Parlamento chumba lei laboral após Chega falhar acordo com Governo
A revisão da lei laboral caiu hoje na Assembleia da República. O Chega uniu os seus votos à esquerda parlamentar e chumbou a proposta na generalidade, após o colapso das negociações com o executivo.

A revisão da lei laboral caiu hoje na Assembleia da República. O Chega uniu os seus votos à esquerda parlamentar e chumbou a proposta na generalidade, após o colapso das negociações com o executivo.
Recusa de cálculos políticos
André Ventura garante que procurou um consenso até à última hora. O líder do partido afasta qualquer intenção de cálculo político no voto contra o diploma.
Numa declaração na sede nacional, em Lisboa, sem direito a perguntas dos jornalistas, Ventura justificou a decisão. O dirigente recusa aprovar uma lei que considera ser um instrumento de perseguição aos trabalhadores e prejudicial à economia portuguesa.

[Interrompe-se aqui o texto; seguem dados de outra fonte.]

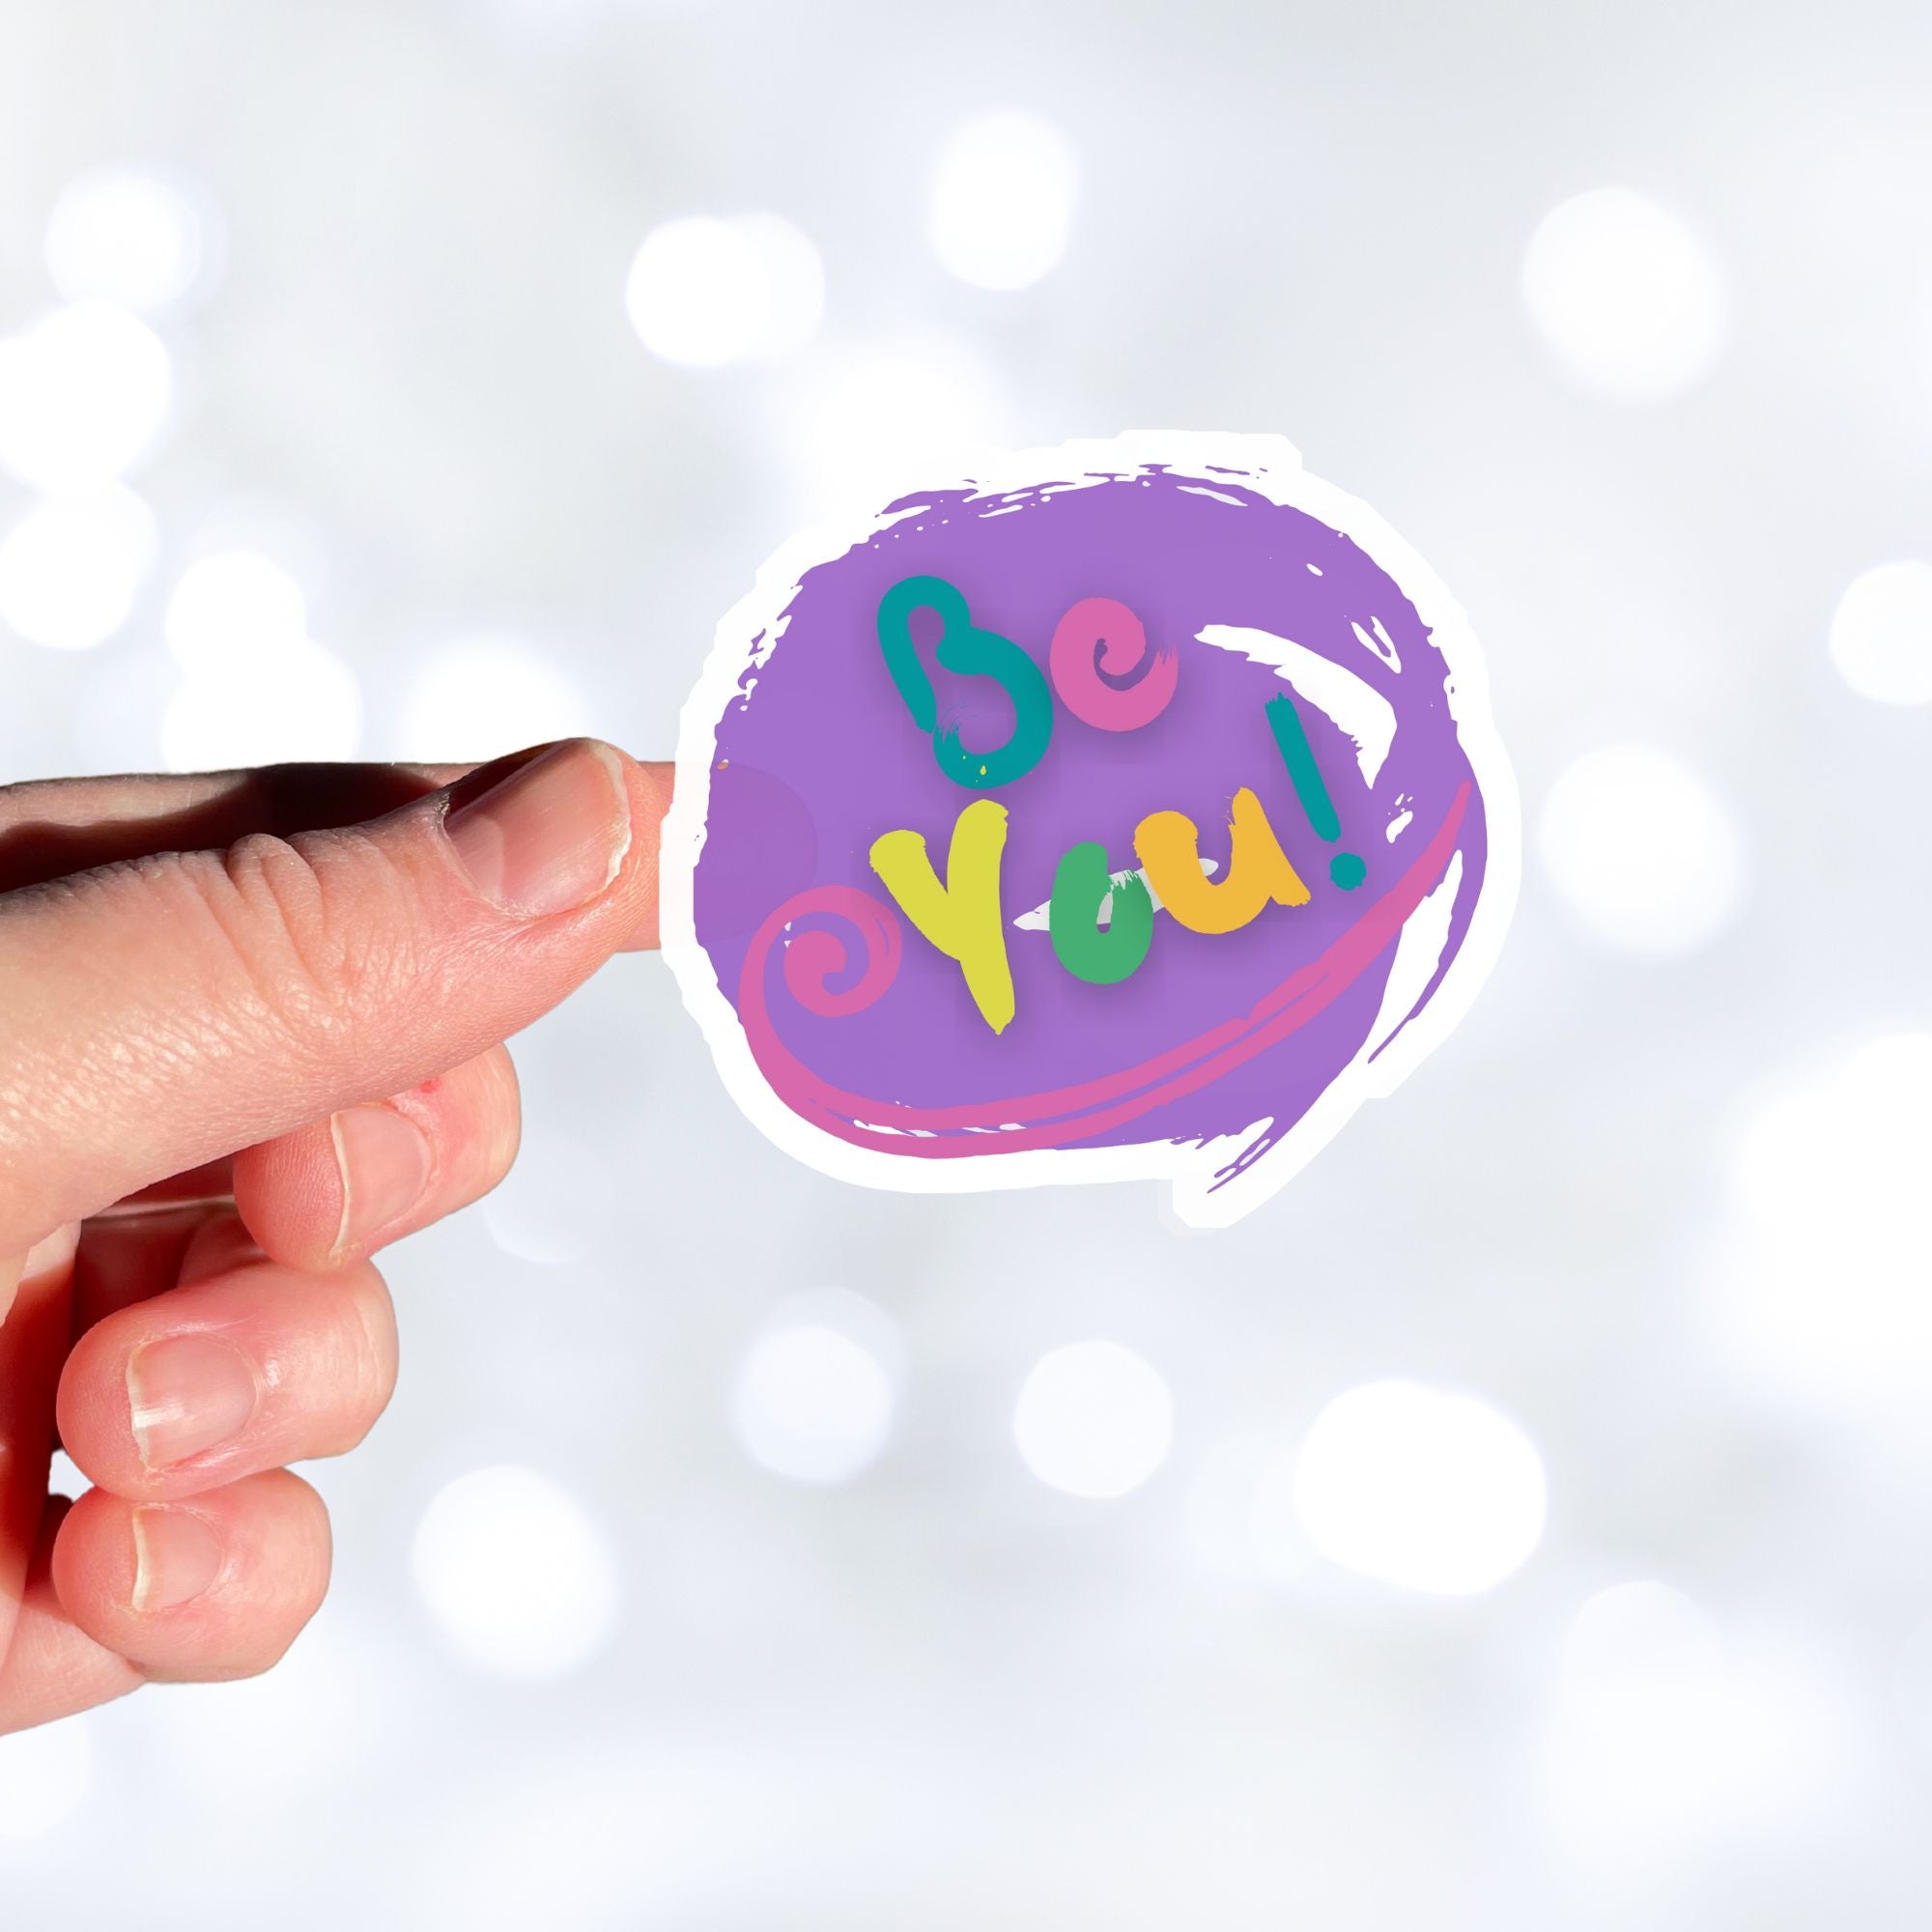 Be You - words to live by! This individual die-cut sticker features "Be You" in multiple pastel colors on a lavender background. This image shows a hand holding the Be You! sticker.

Pensões e reformas bloqueiam acordo
O fim das negociações esbarrou em três exigências centrais do Chega. O Governo recusou baixar a idade da reforma. O executivo aceitou criar uma comissão de estudo, mas rejeitou congelar o aumento da idade de acesso à pensão durante esse período de avaliação.
A imposição de limites às pensões milionárias também ficou pelo caminho. O Governo alegou que a medida provocaria desequilíbrios profundos no sistema de Segurança Social.
O fim das subvenções vitalícias para políticos foi a terceira proposta rejeitada. O executivo justificou a recusa com possíveis problemas de inconstitucionalidade.
Oposição em vez de submissão
O presidente do Chega demarca a sua posição perante a governação do país. Ventura sublinha que o objetivo da estrutura partidária não passa por servir de muleta ao executivo.
A estratégia foca-se em corrigir os erros do Governo. O líder promete manter uma oposição firme e responsável para garantir relações de trabalho sustentáveis em Portugal.